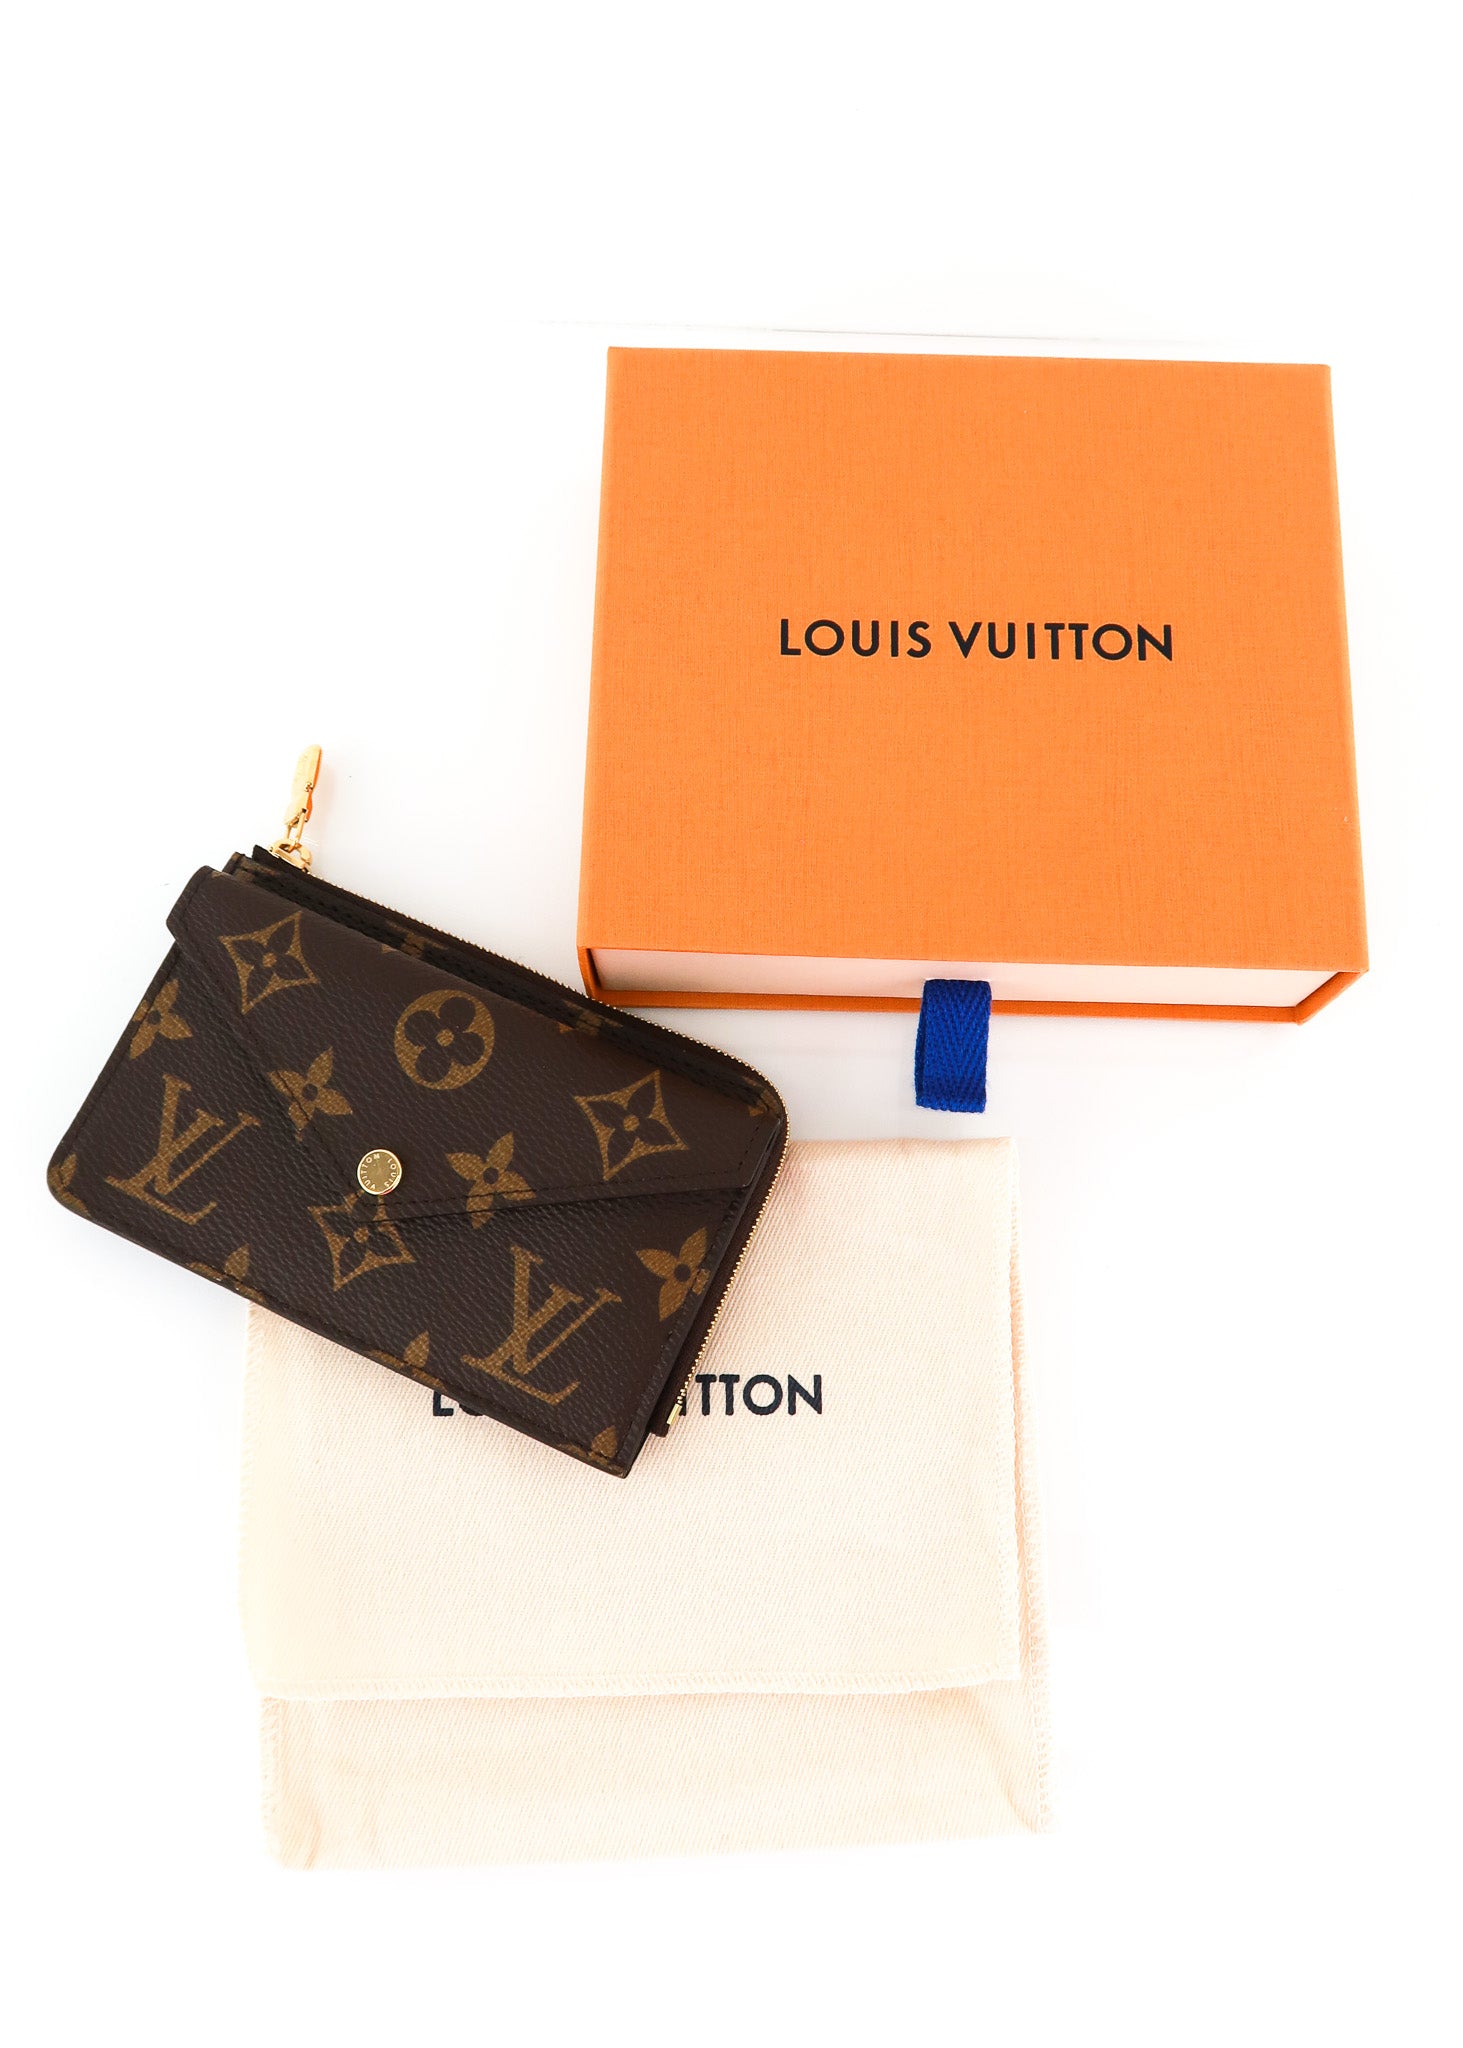 Louis Vuitton Recto Verso VS Key Pouch 
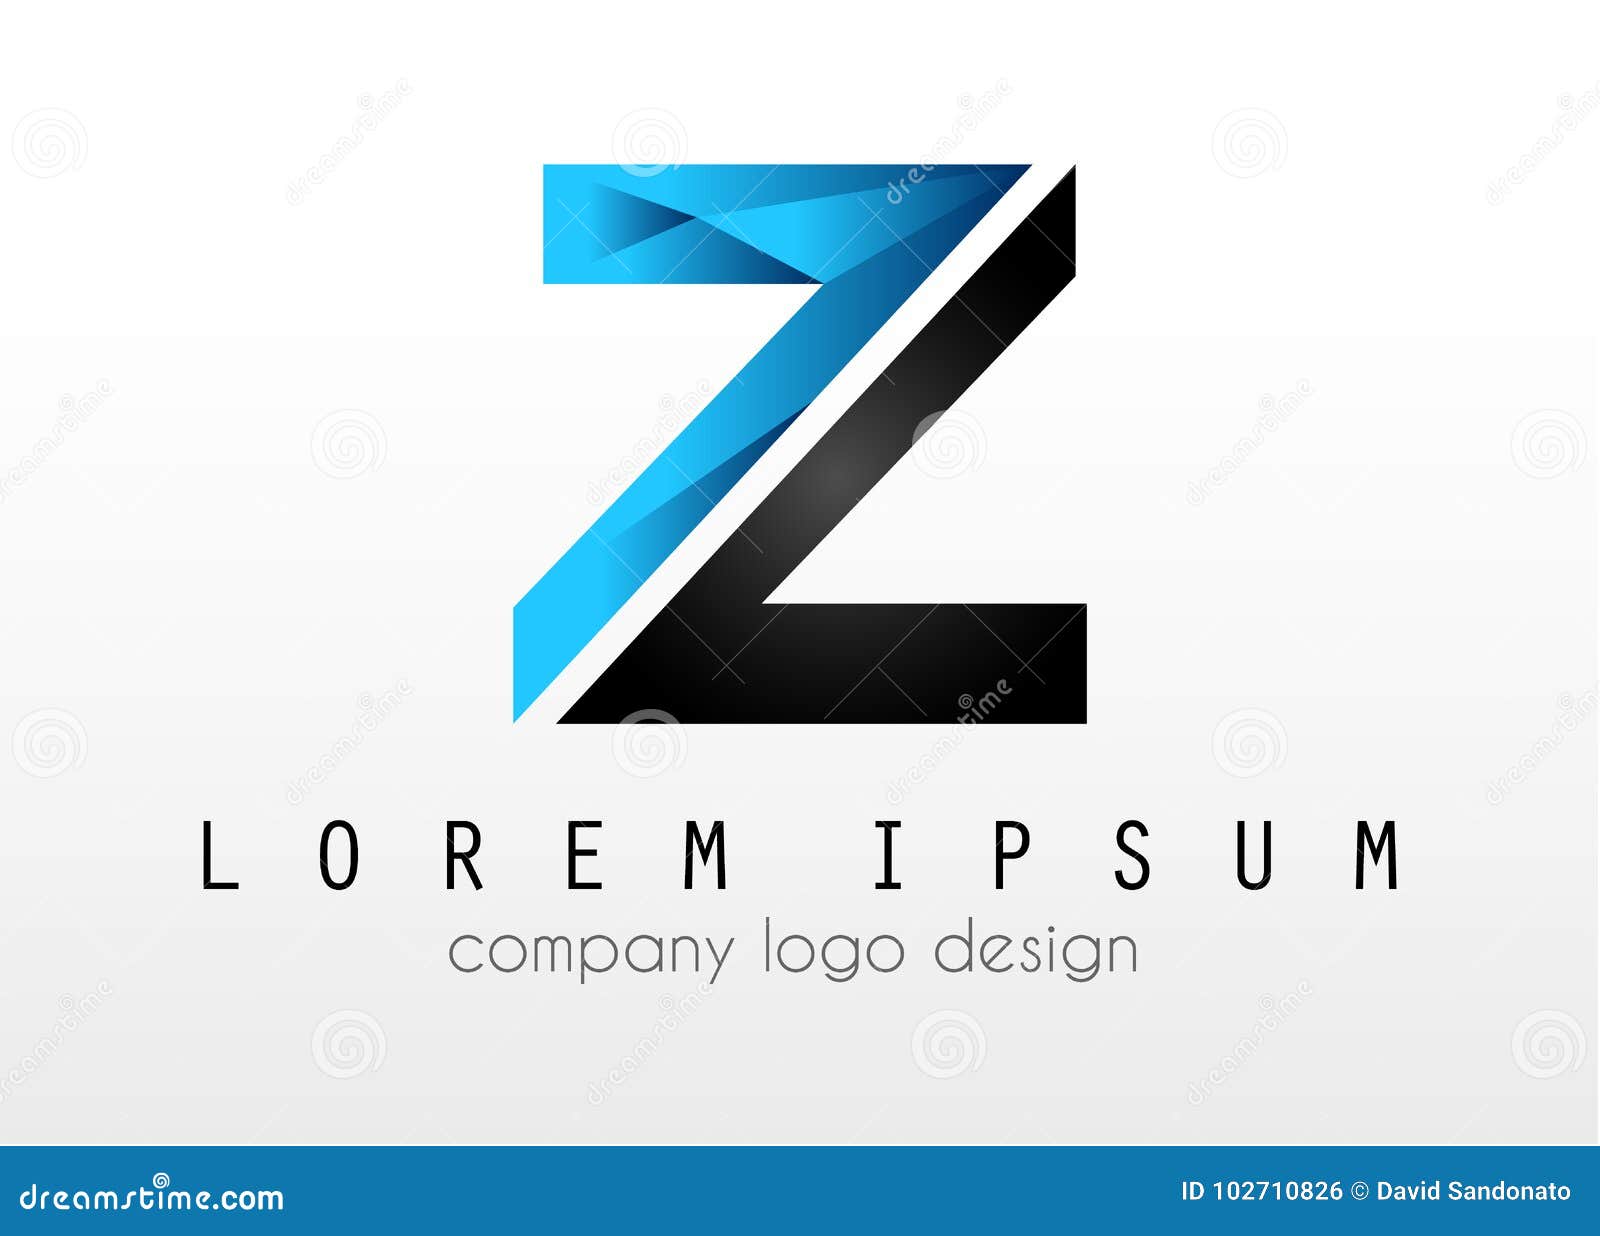 Creative Logo Letter Z Design For Brand Identity Company Profile Or Corporate Logos Stock Vector Illustration Of Elegant Head
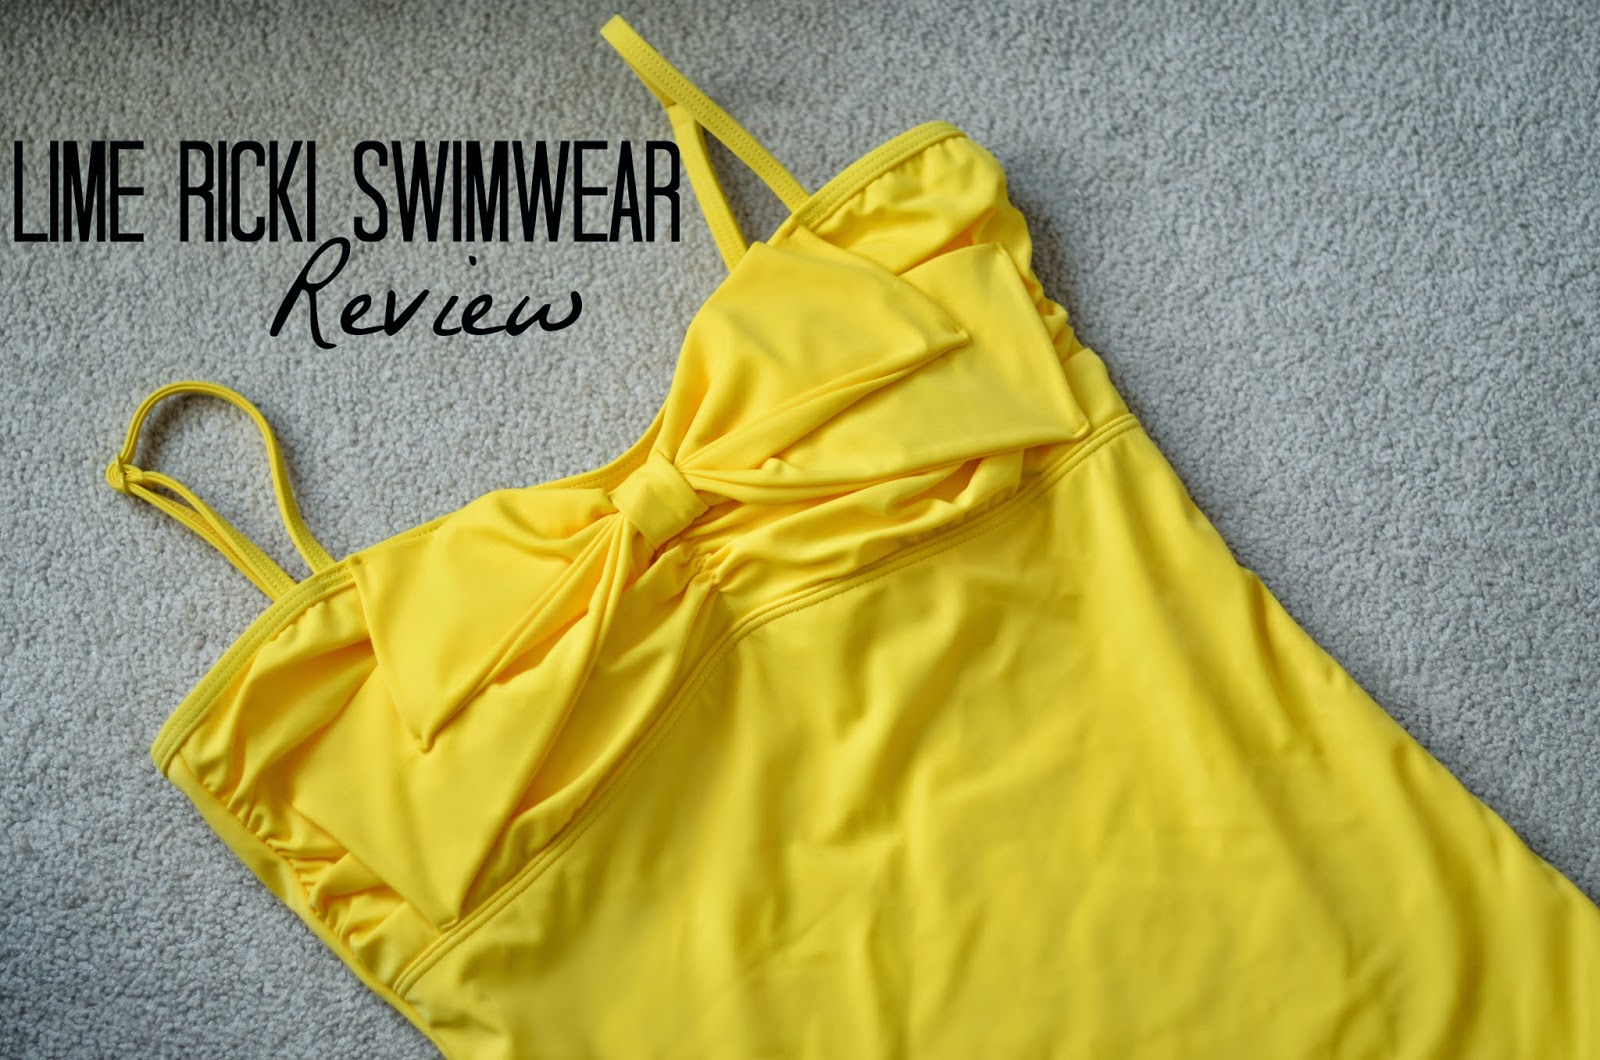 Bramblewood Fashion  Modest Fashion & Beauty Blog: Lime Ricki Swimsuit  Line [Review]
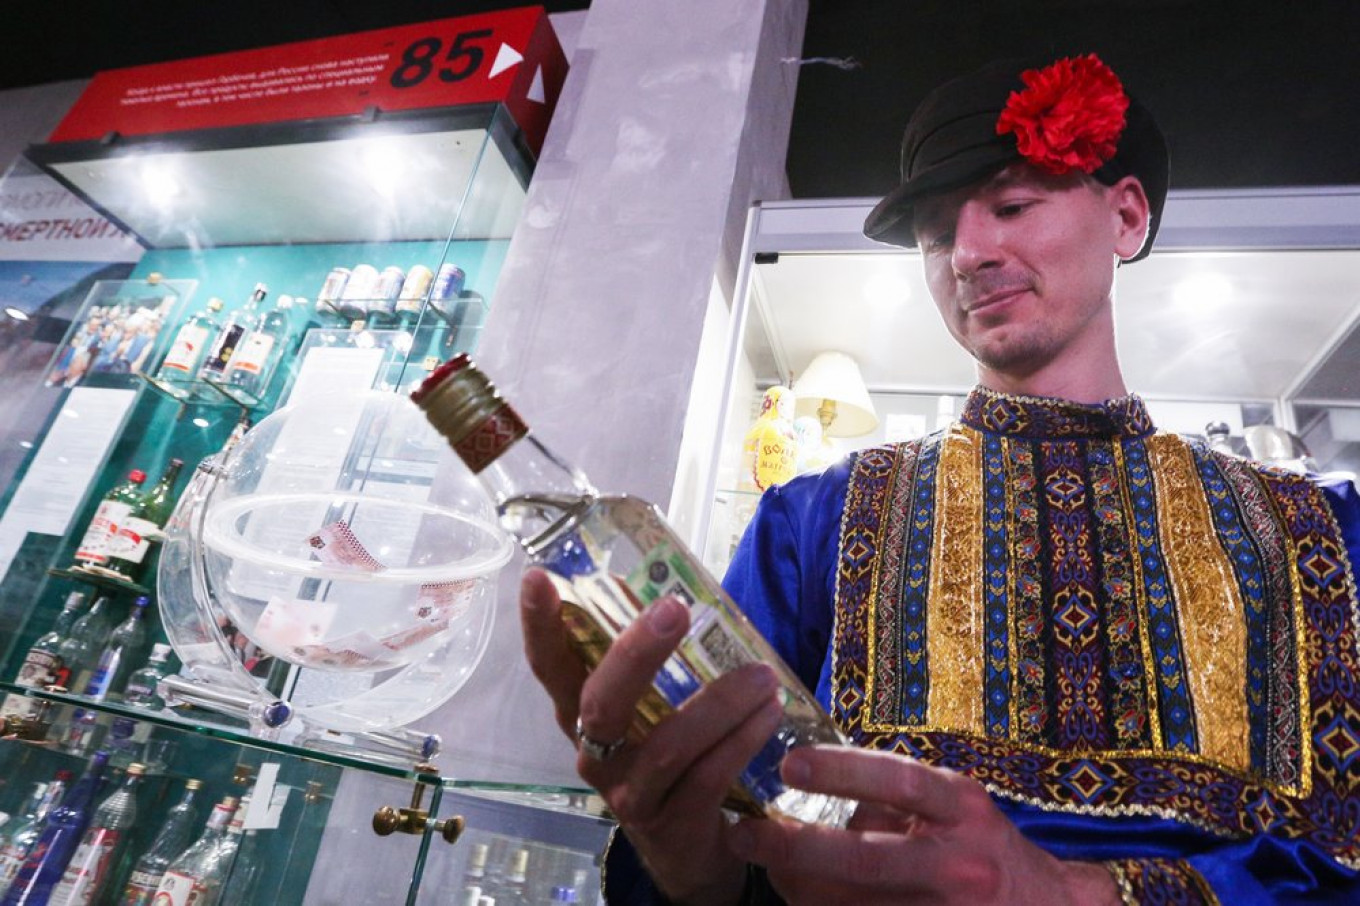 Alcohol Deaths Plummet as ‘Warmest Winter’ Hits Russia

Your task:
Transcribe everything above exactly. Do not include the pictures.

Written solution:
 Louis Vuitton Recto Verso VS Key Pouch 
 Creative Logo Letter Z Design For Brand Identity Company Profile Or Corporate Logos Stock Vector Illustration Of Elegant Head
 Bramblewood Fashion  Modest Fashion & Beauty Blog: Lime Ricki Swimsuit  Line [Review]
 Alcohol Deaths Plummet as ‘Warmest Winter’ Hits Russia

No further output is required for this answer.